Closely connected with the question of life are the topics of sex and homosexuality, which made Cat on a Hot Tin Roof controversial in the 1950’s and 1960’s but that had come to seem tame by the 1970’s. In this play, Williams neither condemns nor explicitly approves of either homosexuality or heterosexuality. For the most part, he merely shows that society offers no livable place for homosexuals; he suggests, moreover, that sex of any kind is as likely to push people apart as it is to draw them together.

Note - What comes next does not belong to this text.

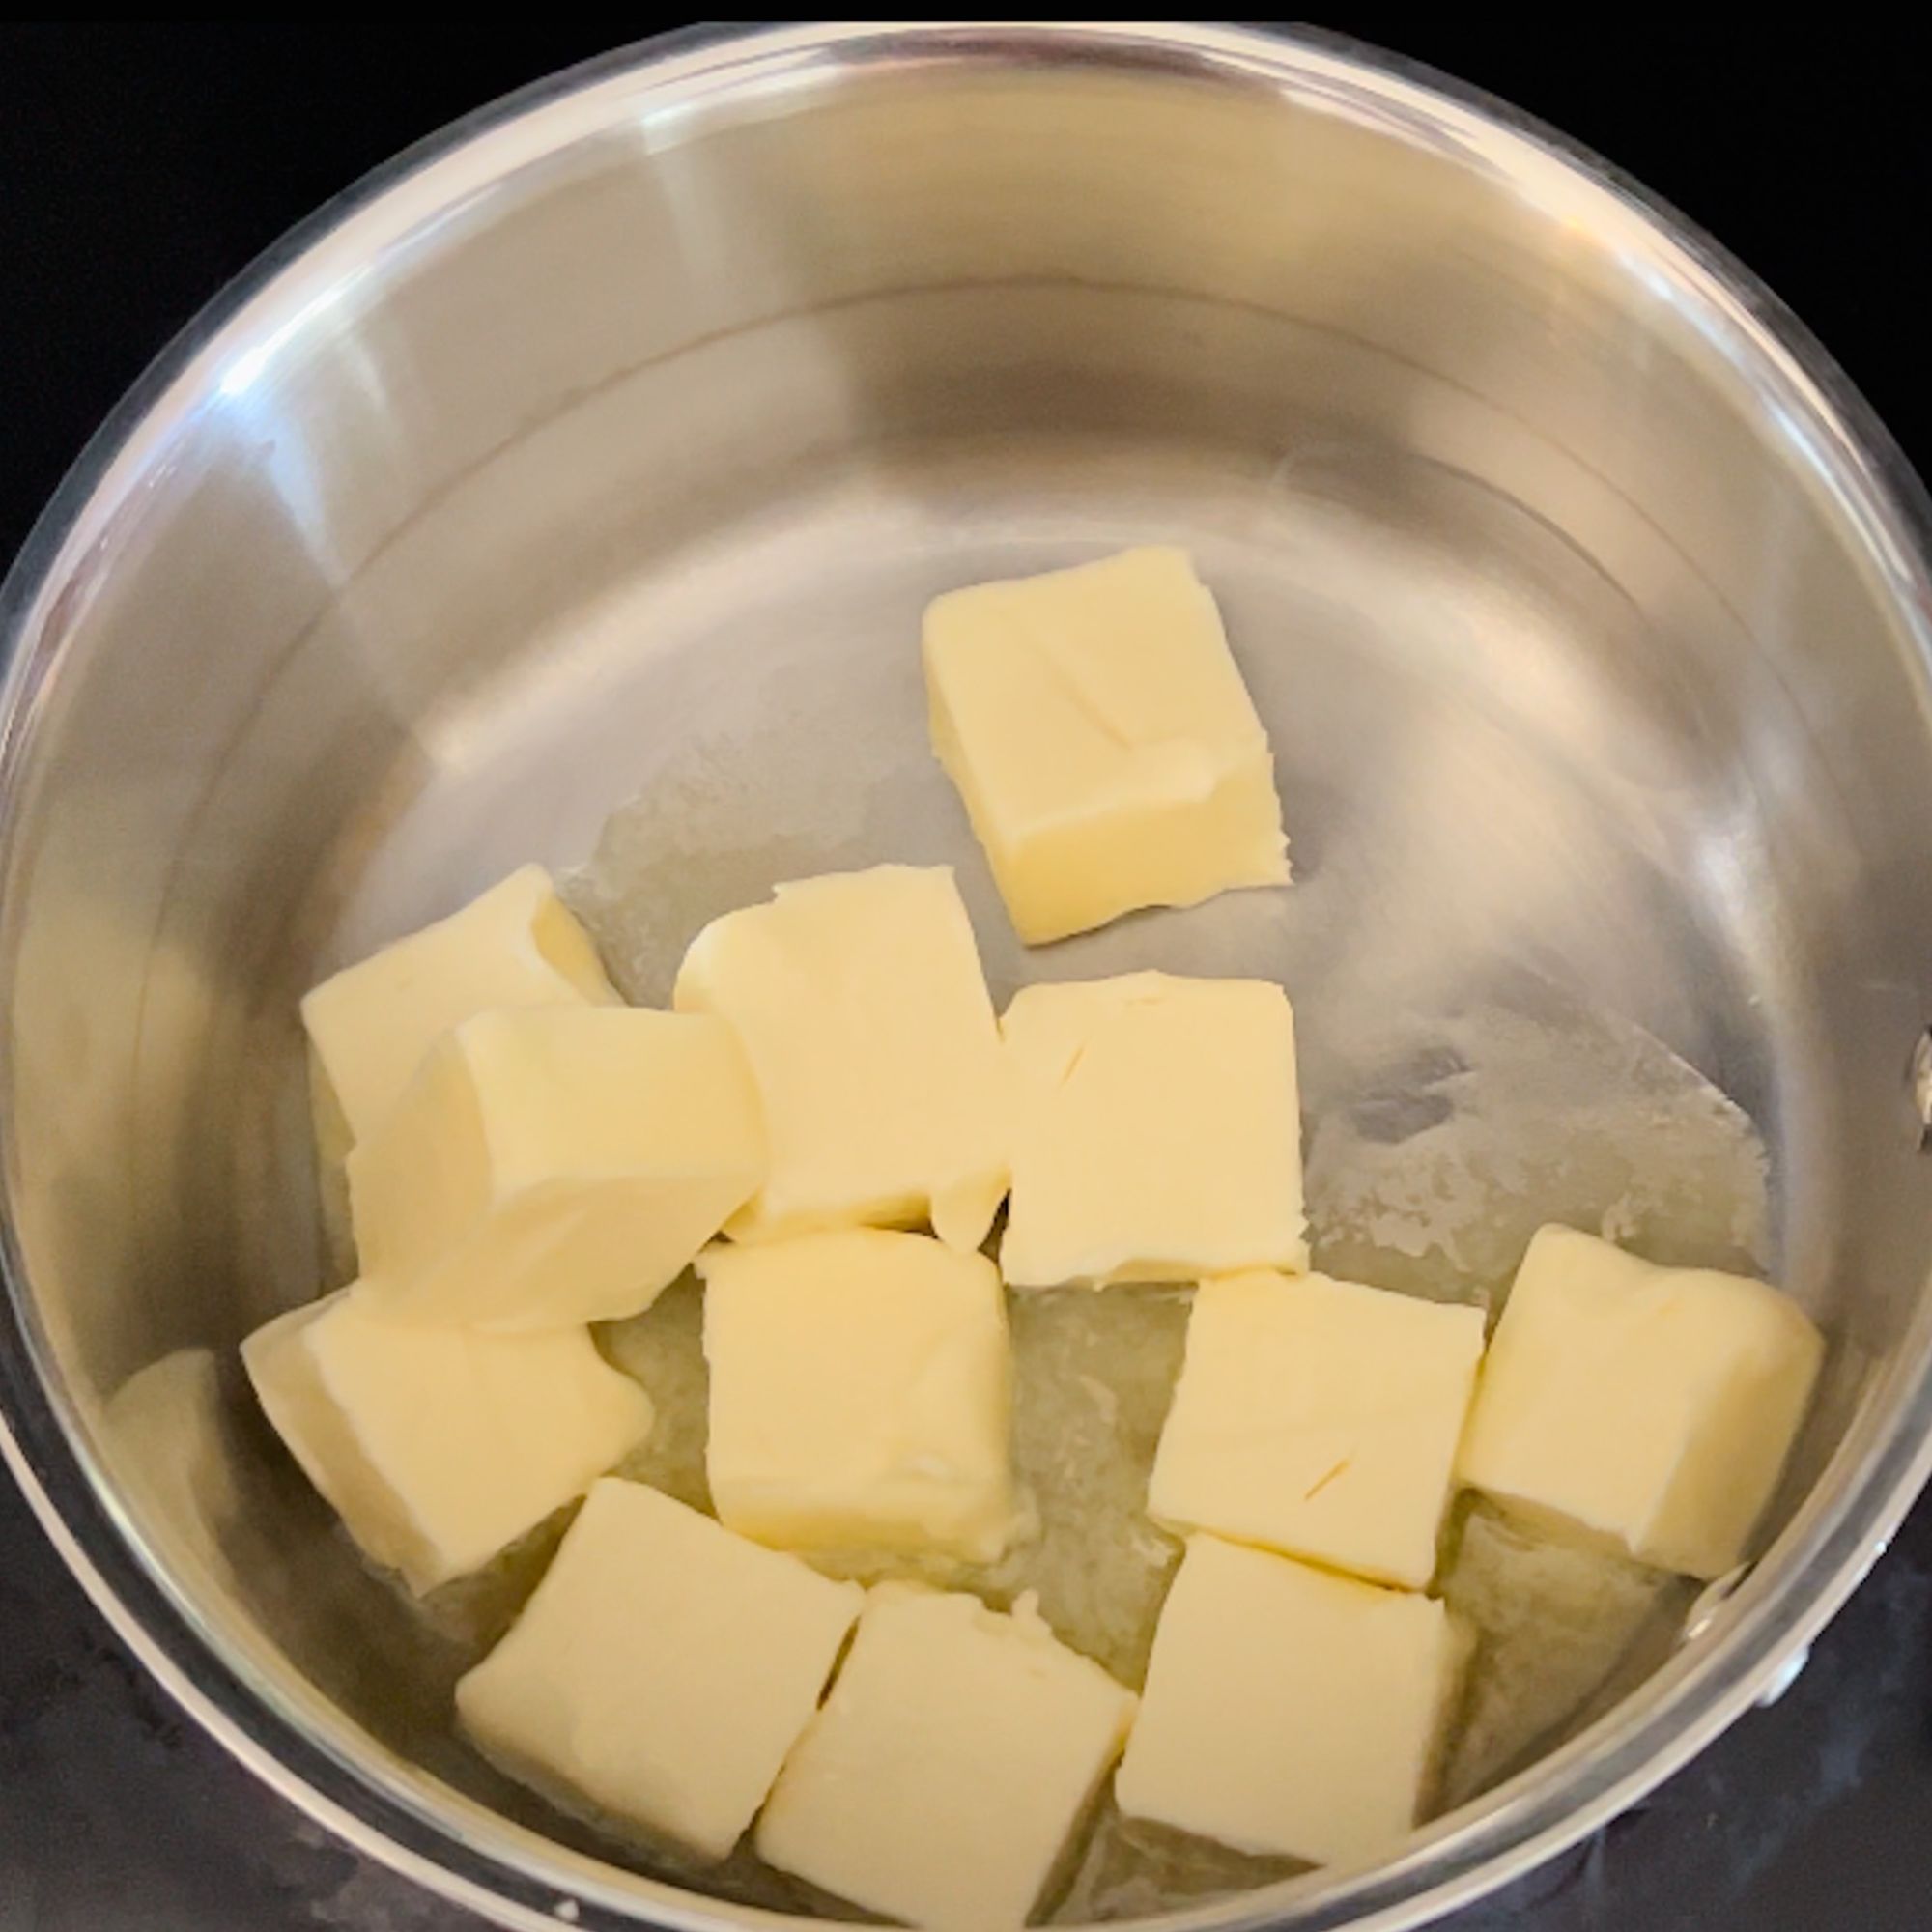 Butter cubed in a sauce pan preparing to become browned butter.

The two endings complicate the final effect of the play. Williams explained that he wrote the second version of act 3 at the request of Elia Kazan, who directed the 1955 Broadway production. Kazan wanted Maggie to be more sympathetic and Brick to be more obviously changed by his confrontation with Big Daddy in act 2. He also believed that Big Daddy was too important and dynamic a character to disappear after one act. Although the new ending offers slightly more hope for a reconciliation between Brick and Maggie, it is less consistent with the development of the first two acts. Williams’s first version works better: Big Daddy, though certainly a powerful character, does not belong in act 3. His last words in act 2—“Christ—damn—all—lying sons of—lying bitches!! Lying! Dying! Lying!”—provide a more fitting thematic end to Big Daddy than his elephant story and his unconvincing acceptance of Maggie’s pregnancy. The change in Brick is even less effective. Williams’s reasons for initially resisting this change make sense: He did not “believe that any conversation, however revelatory, ever effects so immediate a change in the heart . . . of a person of Brick’s state of spiritual disrepair.”
Ultimately, Cat on a Hot Tin Roof presents, rather than corrects, several portraits of “spiritual disrepair.” Although Williams may offer little hope of eventual repair, he does offer a sympathetic understanding of the human condition.